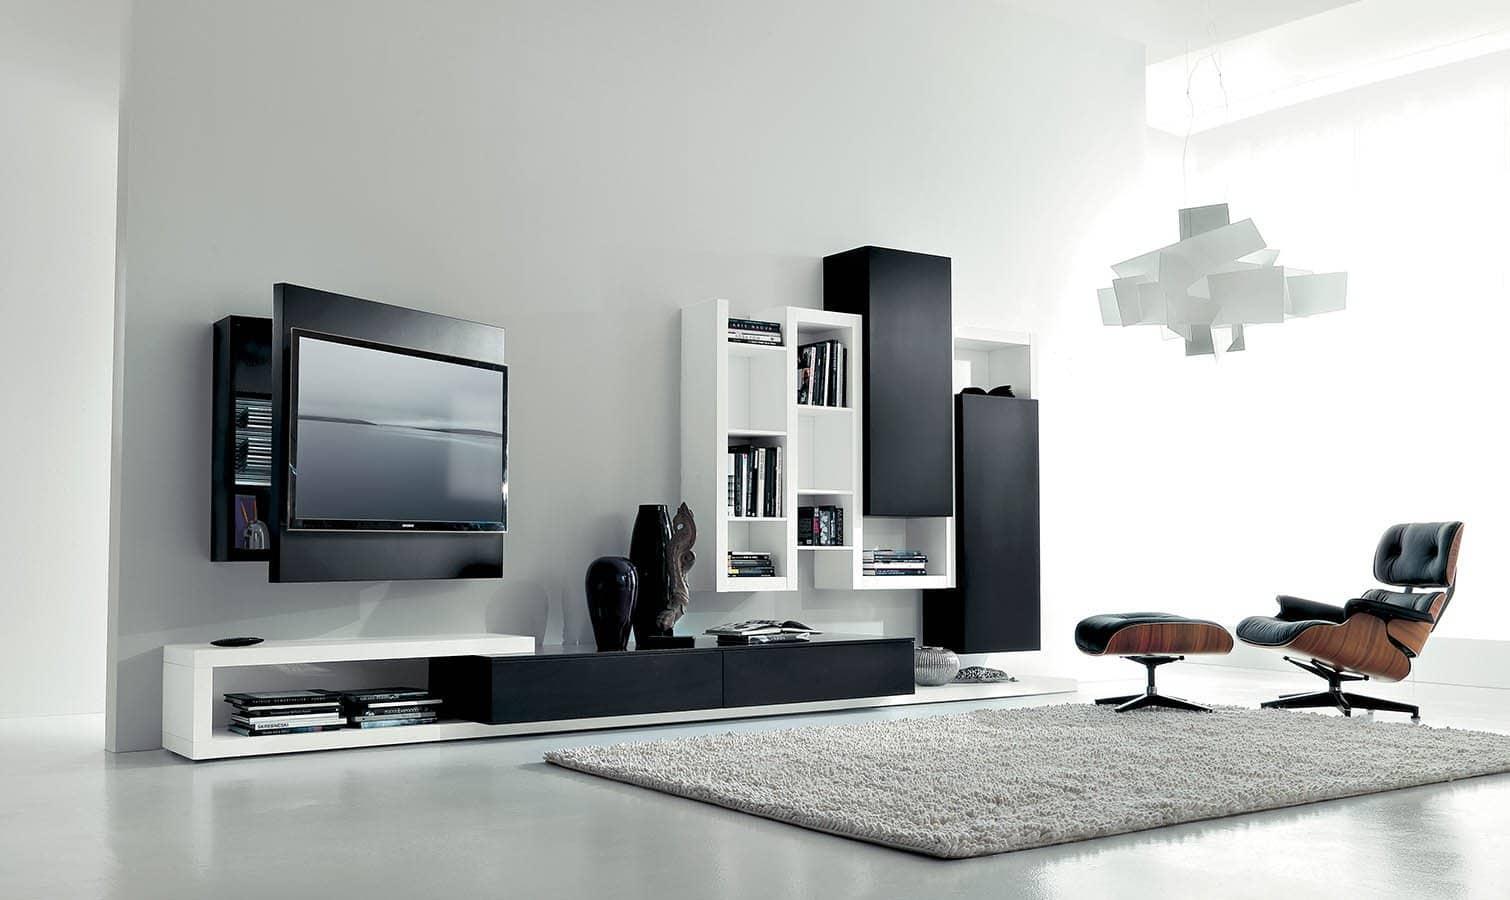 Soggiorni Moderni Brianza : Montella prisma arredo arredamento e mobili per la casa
··········
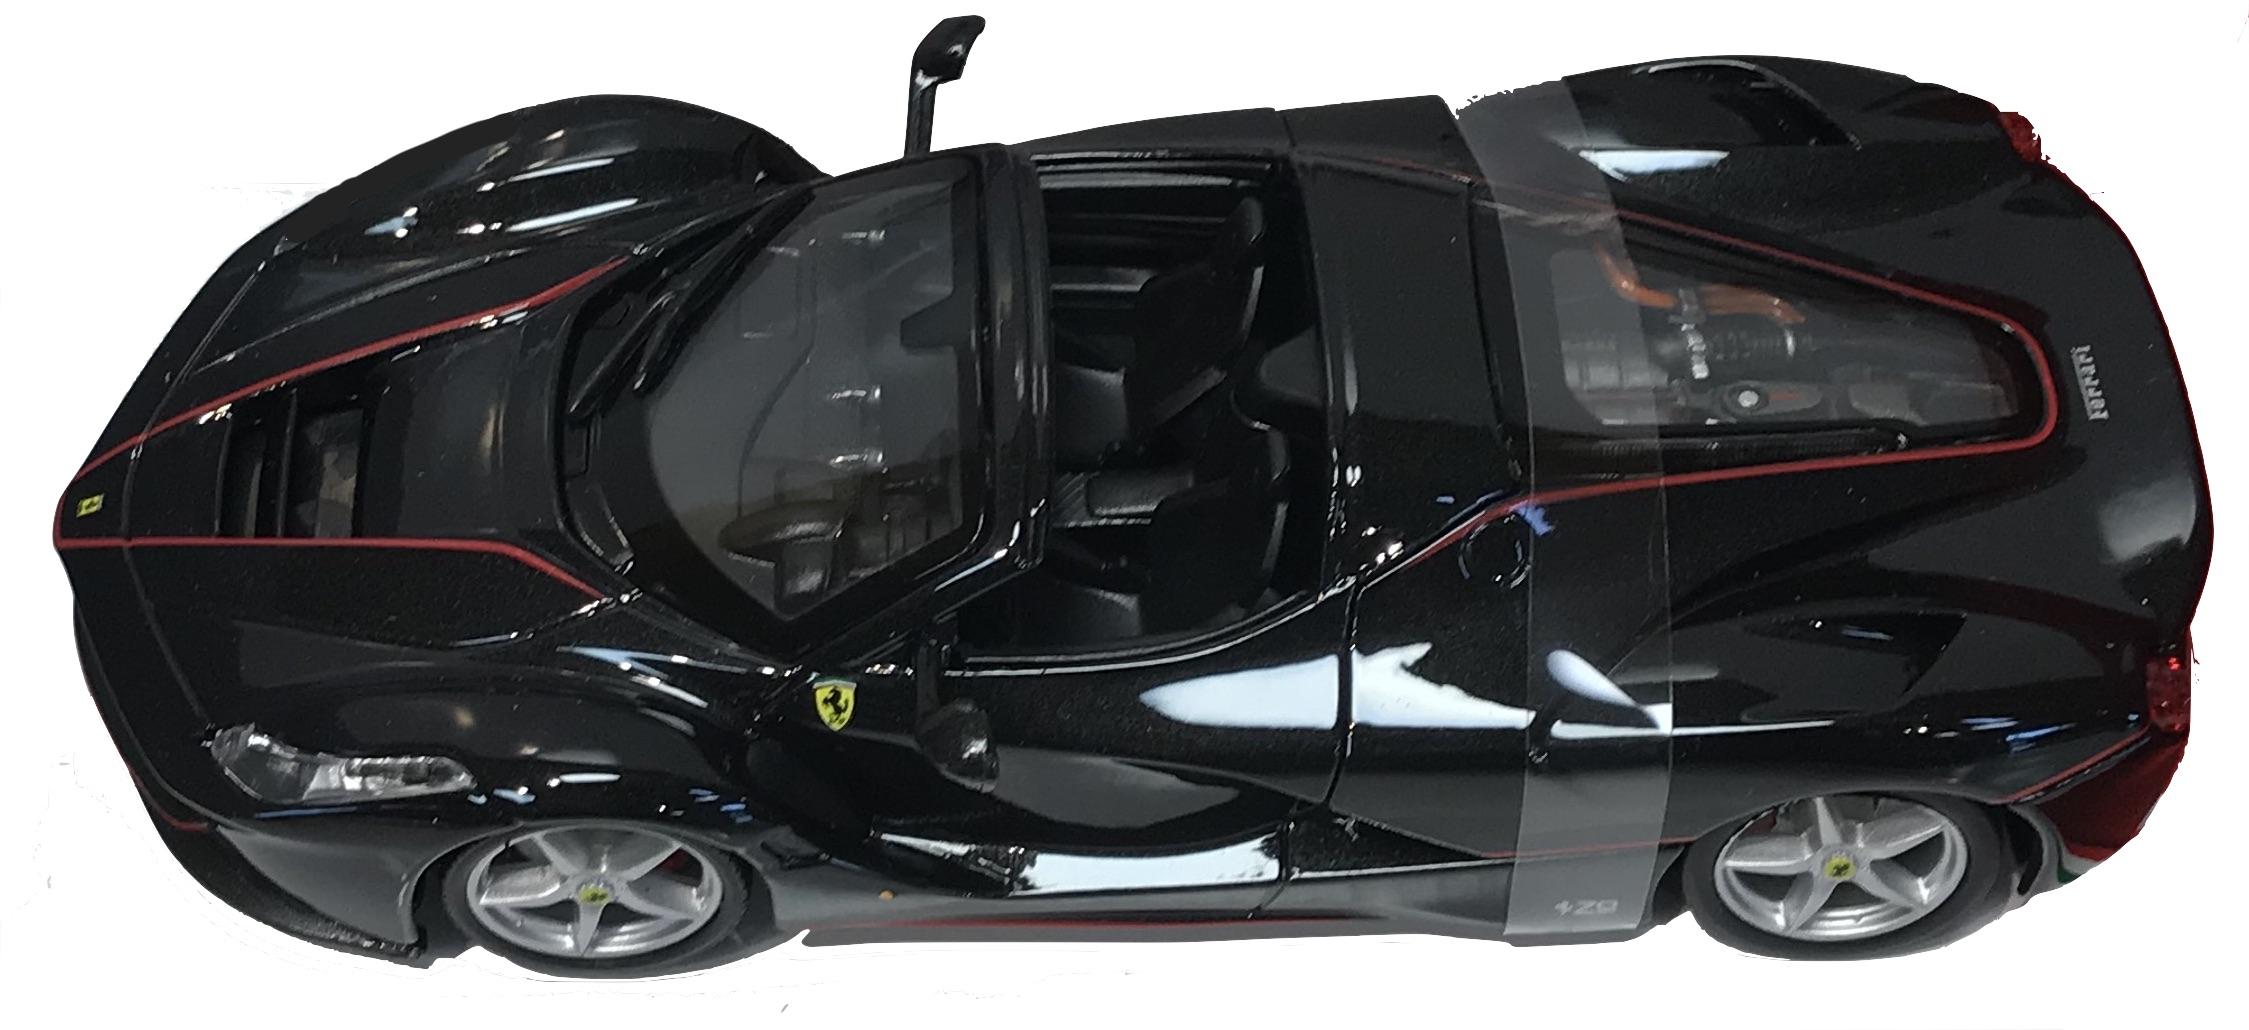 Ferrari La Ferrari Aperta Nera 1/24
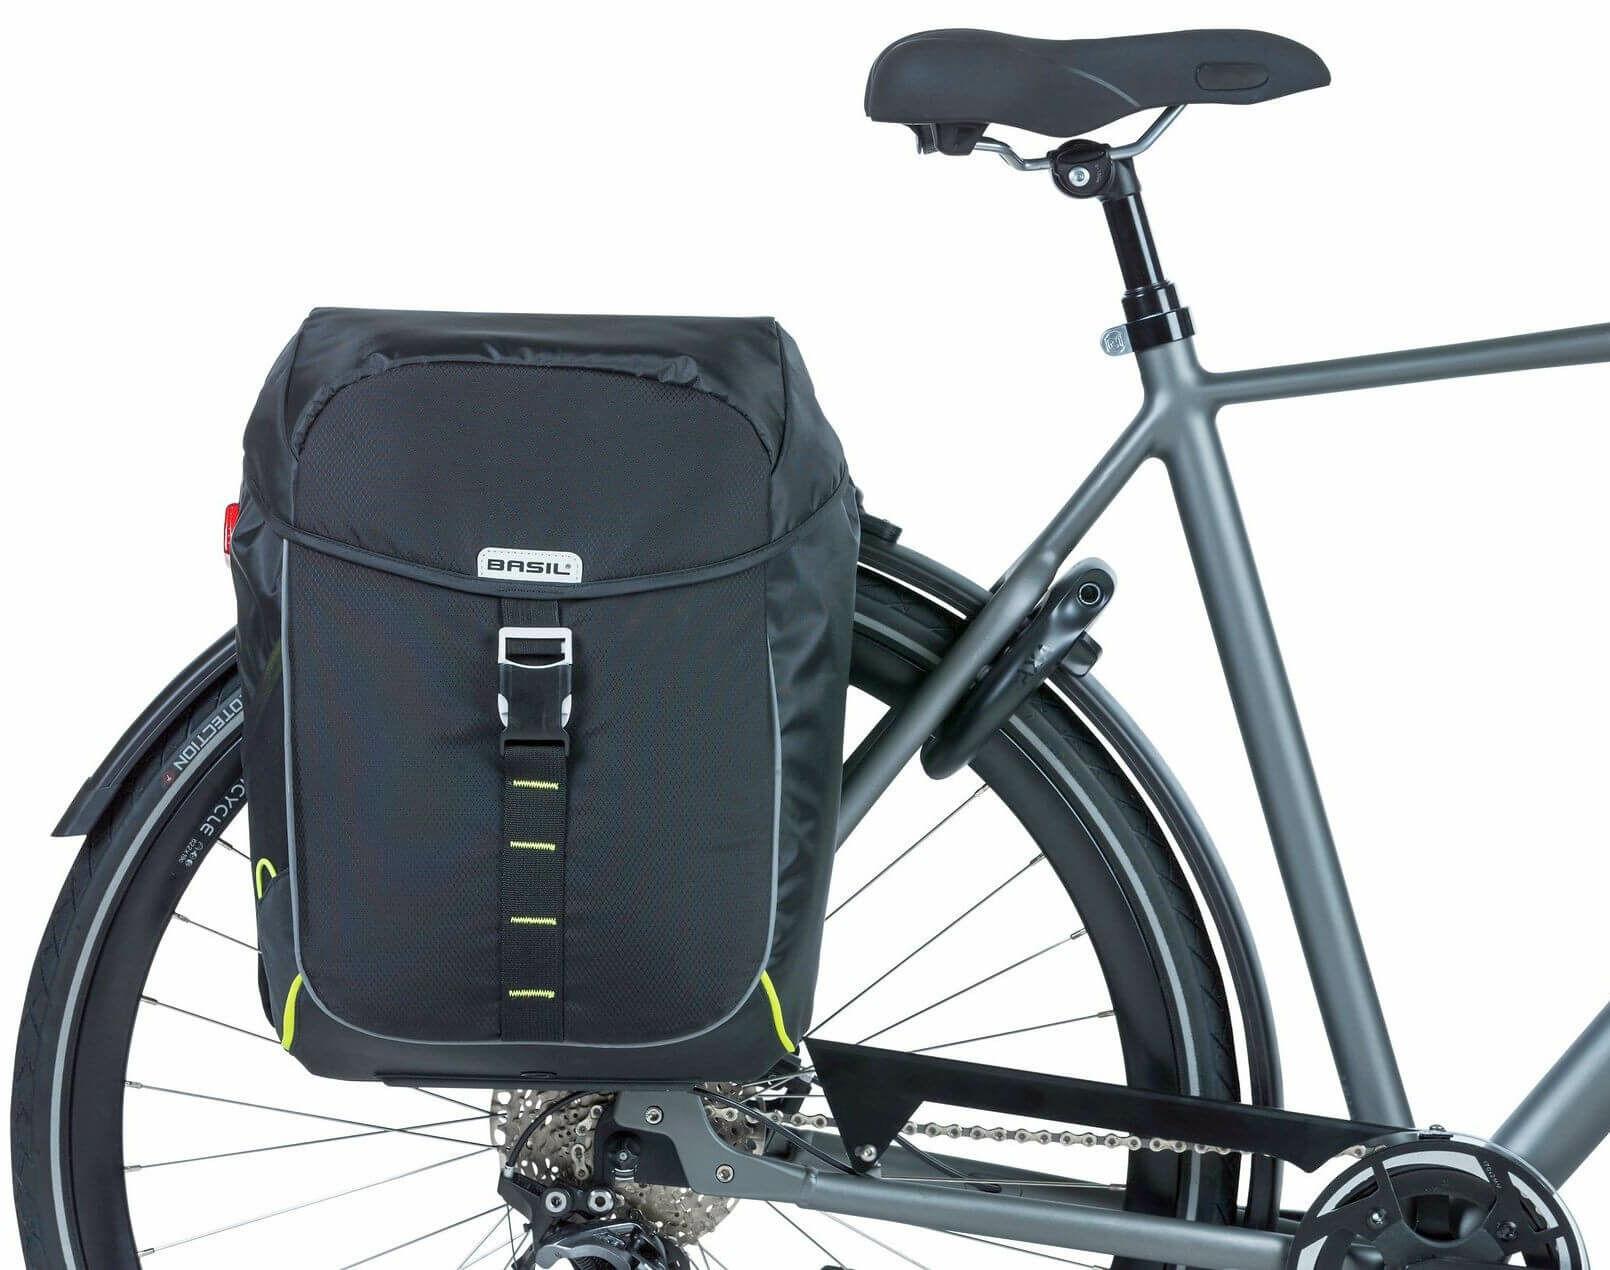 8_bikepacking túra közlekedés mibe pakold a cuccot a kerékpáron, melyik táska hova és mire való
··········
ASSIGNED TASK: Transcribe, from the material above, the stretch starting at the line with "Ferrari La Ferrari Aperta Nera 1/24" and ending at the line with "8_bikepacking túra közlekedés", both included, exactly. Do not carry over pictures.

EXERCISE ANSWER:
 Ferrari La Ferrari Aperta Nera 1/24
 8_bikepacking túra közlekedés mibe pakold a cuccot a kerékpáron, melyik táska hova és mire való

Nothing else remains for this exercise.